The projects ranged from method validation and stability studies, cross-validation of other external labs, support for investigator sponsored studies, Clinical Phase I to Phase IV studies (including pivotal BE studies). Our last major study was a pivotal bioequivalence study, where samples from a cross-over study with about 100 volunteers were to be analyzed within a very short time frame. This study – and all other studies – were done according to a very high quality and reporting standard and with a high responsiveness. We have audited the Lab in 2004 by our BHC GLP QAU and in 2006 by a BHC GLP trained bioanalytical expert, in both cases without major findings.

Bernhard Beckermann, Ph.D., Bayer Schering AG, Germany

We have worked with NorthEast Biolab on several programs and have found them to be professional, collaborative and responsive. As a small company, our vendors are key members of our project teams. The scientists at NorthEast Biolab are technical experts, who produce high quality data, on-time and on-budget.
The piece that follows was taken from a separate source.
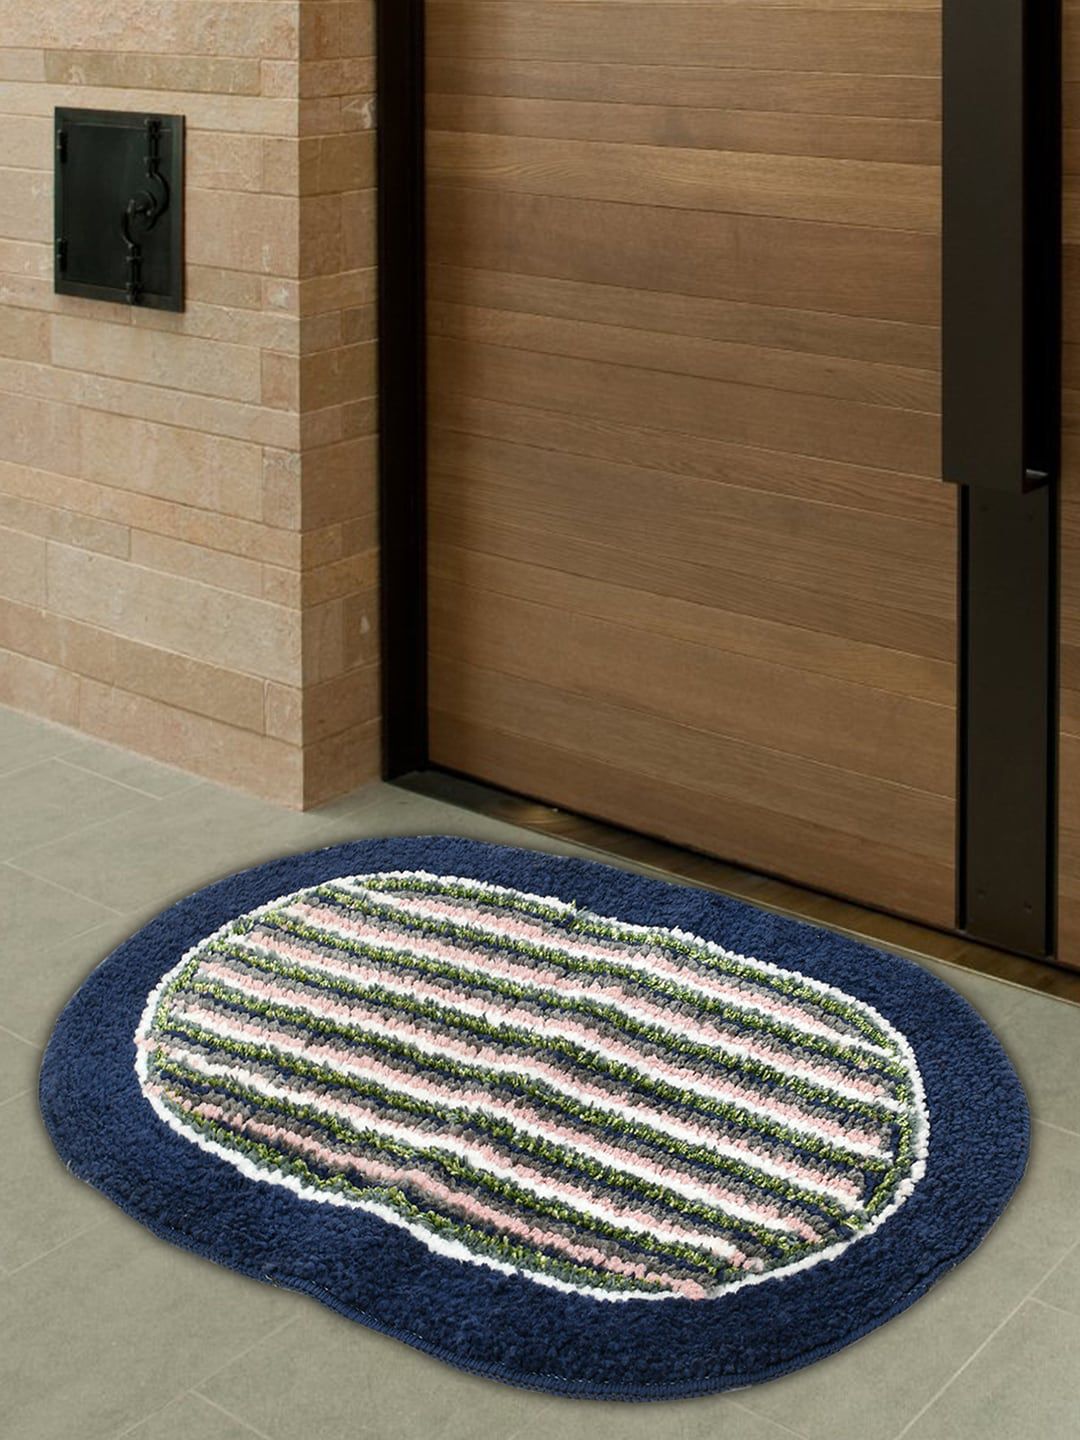 Kuber Industries Set of 3 Blue Striped Cotton Anti-Skid Doormats Price in India

They also provided critical insight into data analysis, and are compliant with industry best practices and regulatory standards. We would certainly recommend NothEast Biolab and look forward to working with them in the future.

Marcia Dougan Moore, M.P.H, Arvinas, Inc.
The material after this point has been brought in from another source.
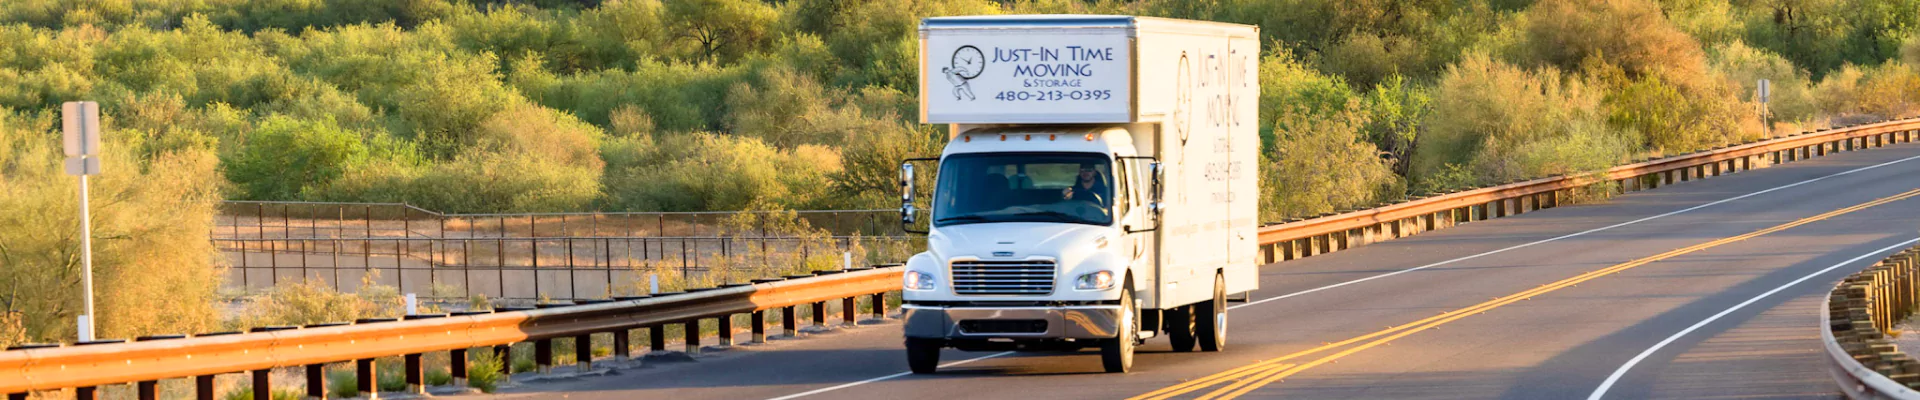 Moving Services - Just-in Time Moving and Storage

I have worked with a number of companies (large and small) over the years and NorthEast Biolab is by far the most responsive and thorough service provider. In an industry where a vast majority of businesses establish practices that remain rigid, NorthEast Biolab works closely with the client to provide the most efficient and cost-effective approach to getting the job done. The integrity of the scientific staff is as refreshing as their willingness to provide ingenious scientific input and high-quality data. They truly go that extra mile to make the collaborations successful and I will continue to enjoy very productive interactions with them in the future.

Tom Stephen, Ph.D., CGI Pharmaceuticals, Inc.